The prince who fled from Delhi

The birthname of Shah Alam II was Ali Gohar was born on June 25, 1728, to Prince Aziz-ud-Din, son of the deposed Mughal Emperor Jahandar Shah. He grew up in semi-captivity in Red Fort with his father. By the time his father ascended to the throne as Alamgir II, he was already 55 years old with no experience in administration and warfare. All the powers of the empire were in the hands of his vizier, Imad-ul-Mulk. During the reign of Alamgir II, Ahmad Shah Durrani invaded India, captured Delhi and plundered Mathura. On the other hand, the Maratha Empire dominated the northern India.

During his father’s reign, Ali Gohar was appointed to high posts in the empire and made the crown prince. However, both his father and Gohar had a strained relationship with Imad-ul-Mulk. Alamgir II would be eventually killed by the vizier and replaced by Shah Jahan III while Gohar had to flee Delhi to save his life.

An emperor only on paper

Ali Gohar would later become the Mughal Emperor but only thanks to Ahmad Shah Durrani. Mughal officials like Najib-ud-Daula forced Imad-ul-Mulk to flee from Delhi and deposed Shah Jahan III. Those officials maintained contact with Durrani who decisively defeated the Marathas, and made him the emperor under the name Shah Alam II.

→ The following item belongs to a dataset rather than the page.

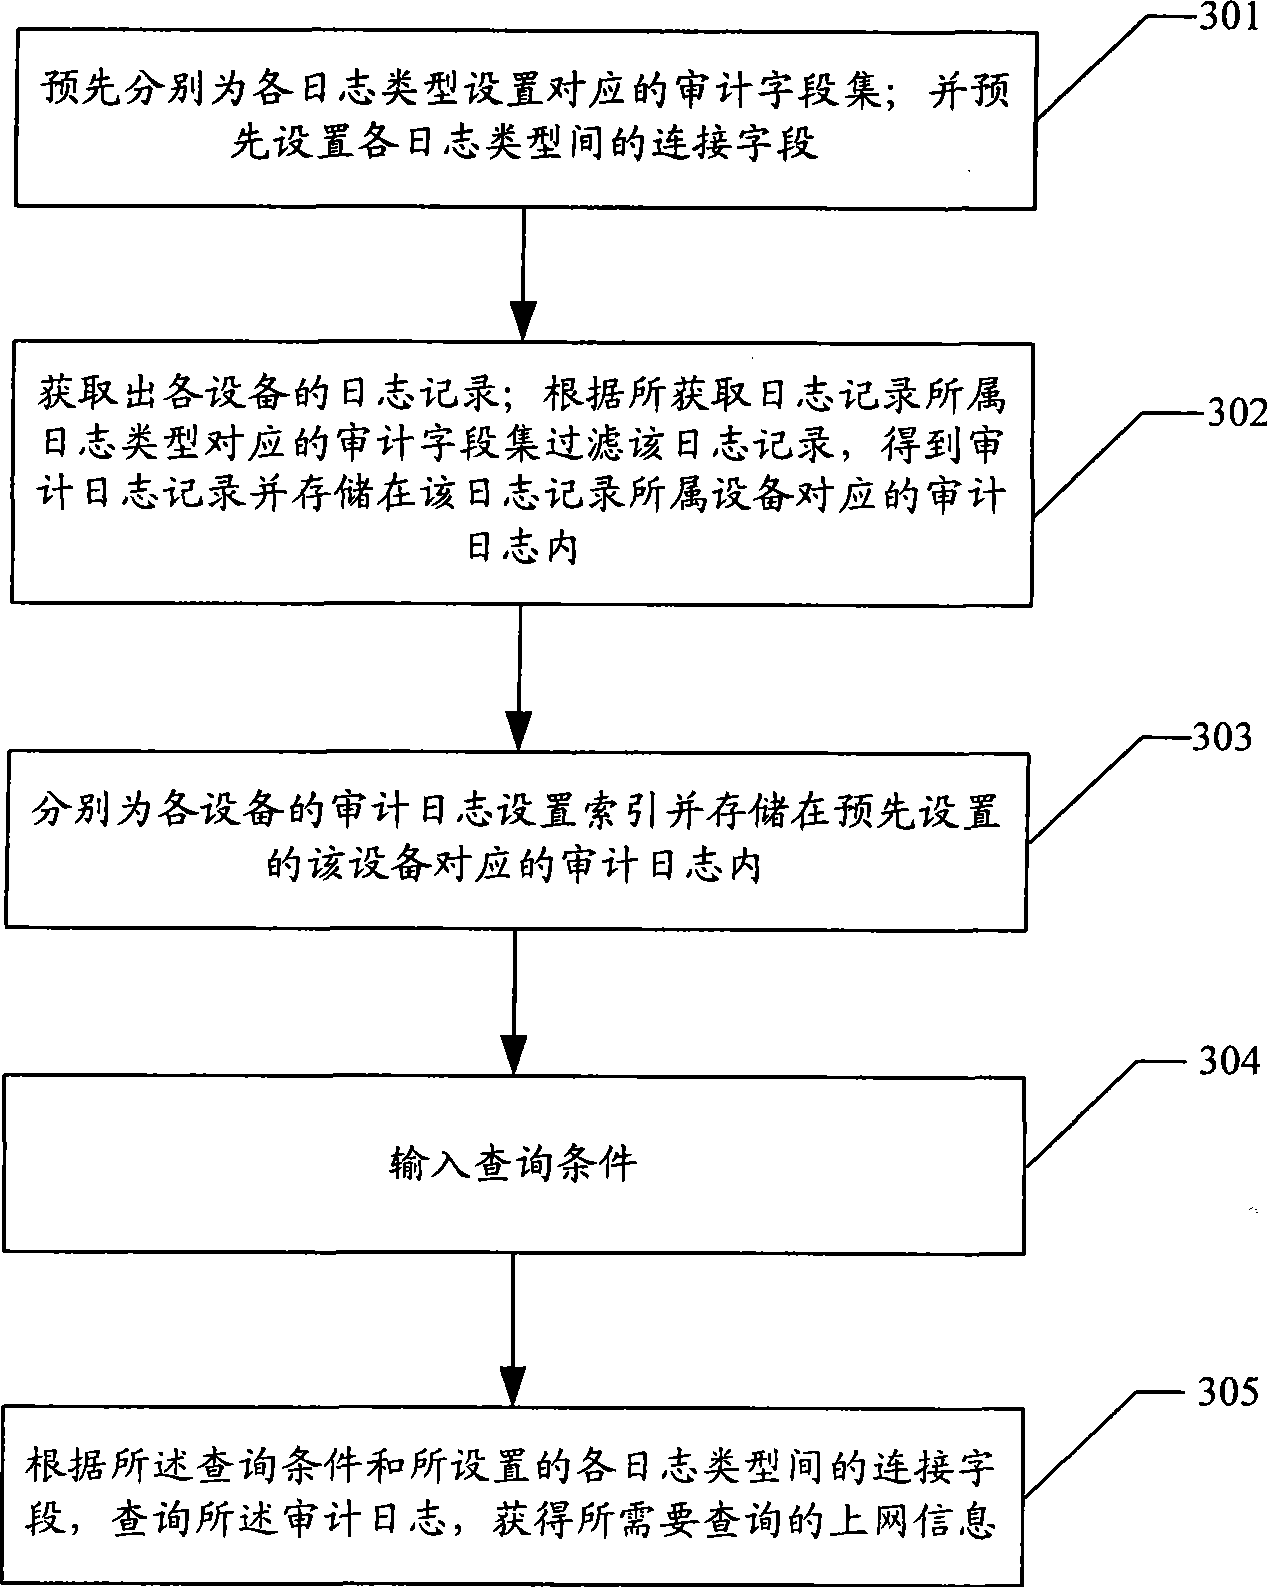 Audit apparatus and method for customer network behavior

The first reign of Shah Alam II lasted from October 1760 to July 1788, but he could return to Delhi only in 1772, under the protection of the Maratha general Mahadaji Shinde. He was a daring ruler once, who joined hands with Bengal Nawab Mir Qasim and Shuja-ud-Daula the Nawab of Awadh to fight the British East Indian Company on October 22, 1764. The British gained a decisive victory and forced Shah Alam II to sign the Treaty of Allahabad, which gave them the right to collect revenue from Bengal and also from Kora and Allahabad.

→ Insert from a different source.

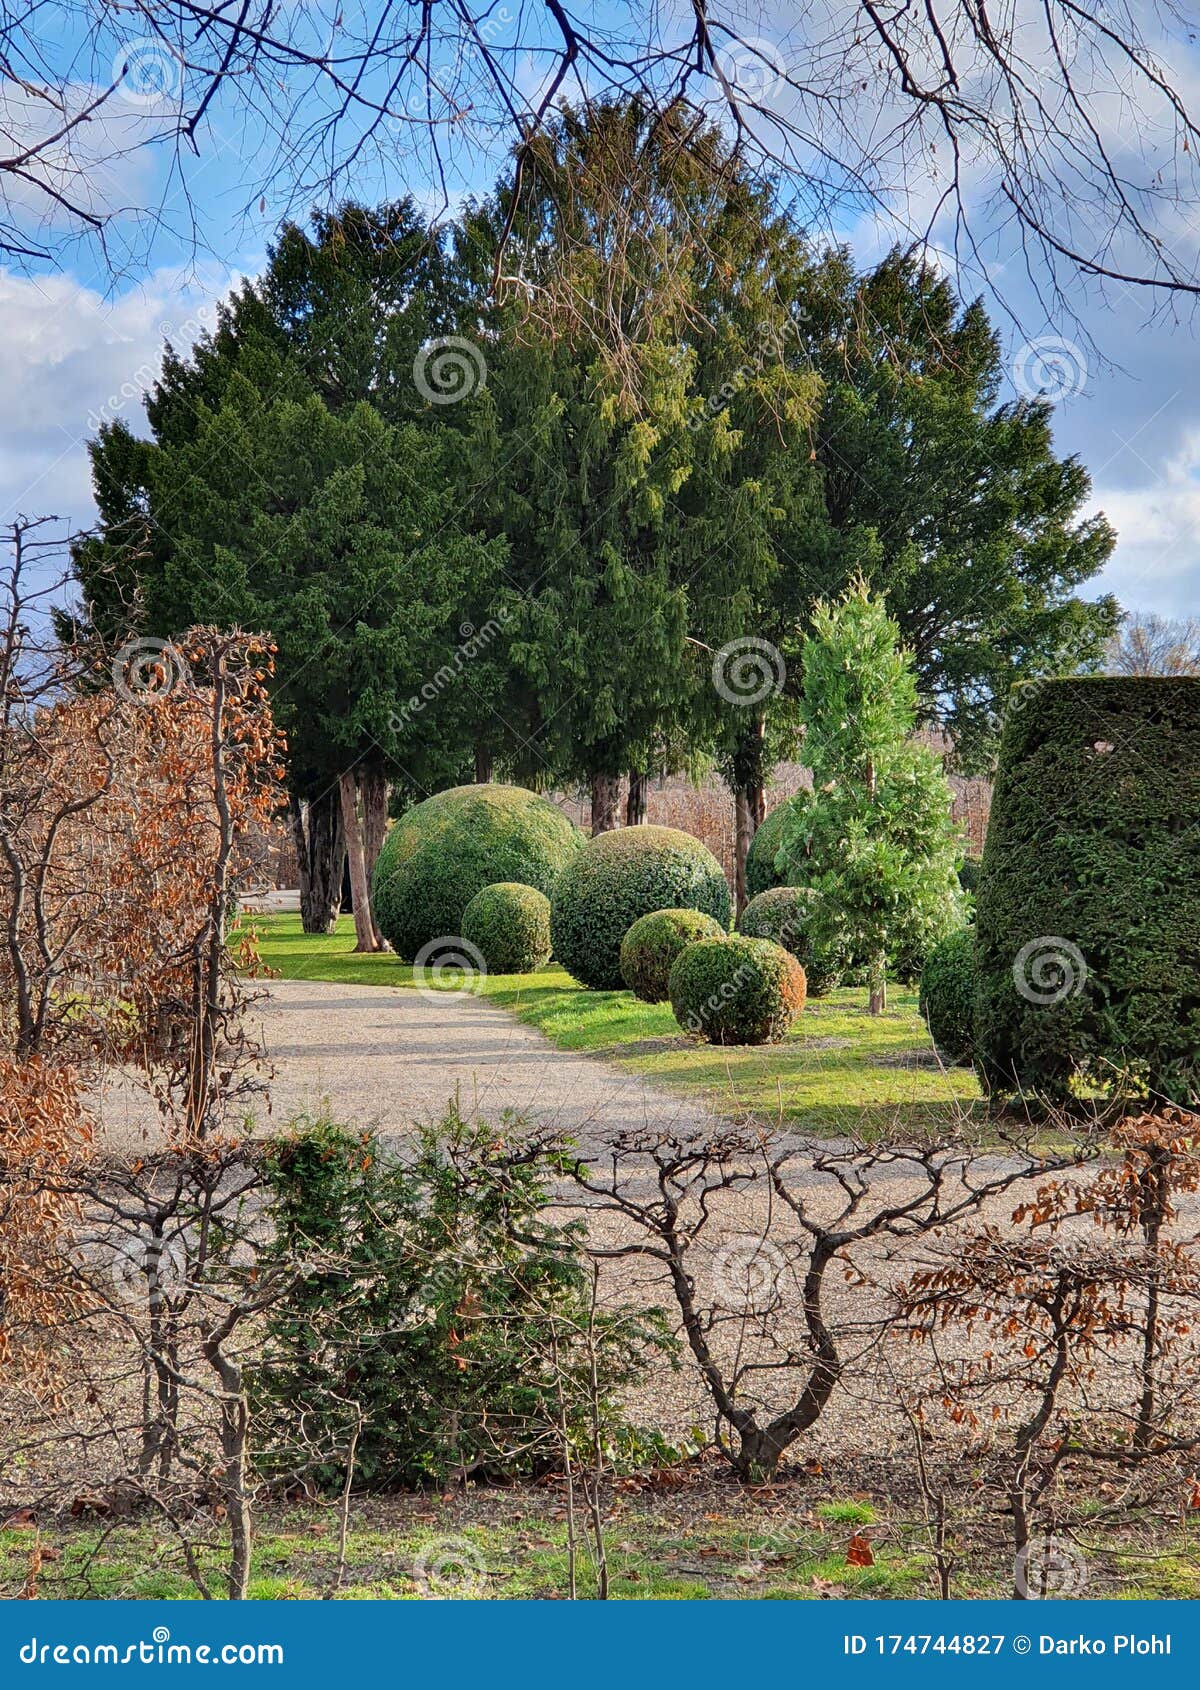 evergreen conifers and ornamental shrubs in the park

Shah Alam II tried to reform the Mughal army by introducing modern weapons, but by the time he ascended to the throne, the power of the empire was almost none. When he became emperor for the second time from 1788 to 1806, the Mughal Emperor existed only on paper, under the protection of the Maratha Empire and the British forces. Infact, at the beginning of his second term as emperor, Shah Alam II was blinded by Ghulam Kadir, a leader of the Afghan Rohilla who plundered Delhi for two and a half months in 1788.

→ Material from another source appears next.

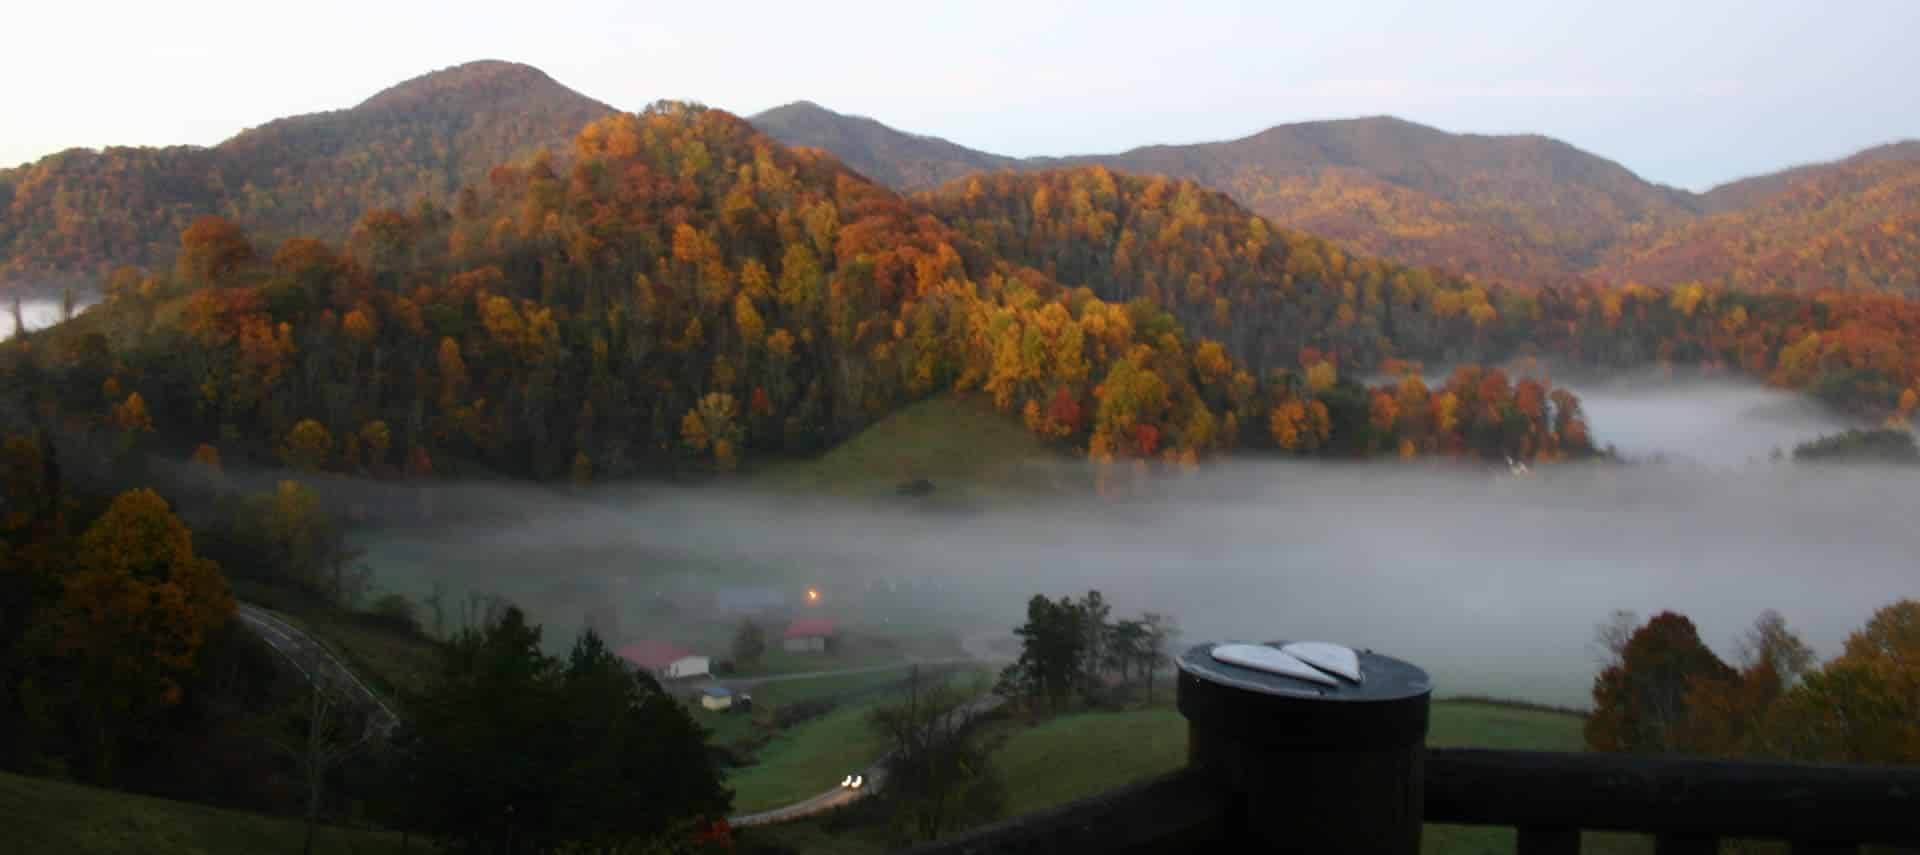 Mountain valley covered by mist, surrounded by trees and hills bursting with fall foliage.

The power of the emperor was so depleted that he was mocked in the Persian language, ‘Sultanat-e-Shah Alam, Az Dilli ta Palam’ which means ‘The empire of Shah Alam is from Delhi to Palam’, with Palam being a suburb of Delhi. By the time Shah Alam II passed away on November 9, 1806, the Mughal Empire had ceased to exist as a political force even in India.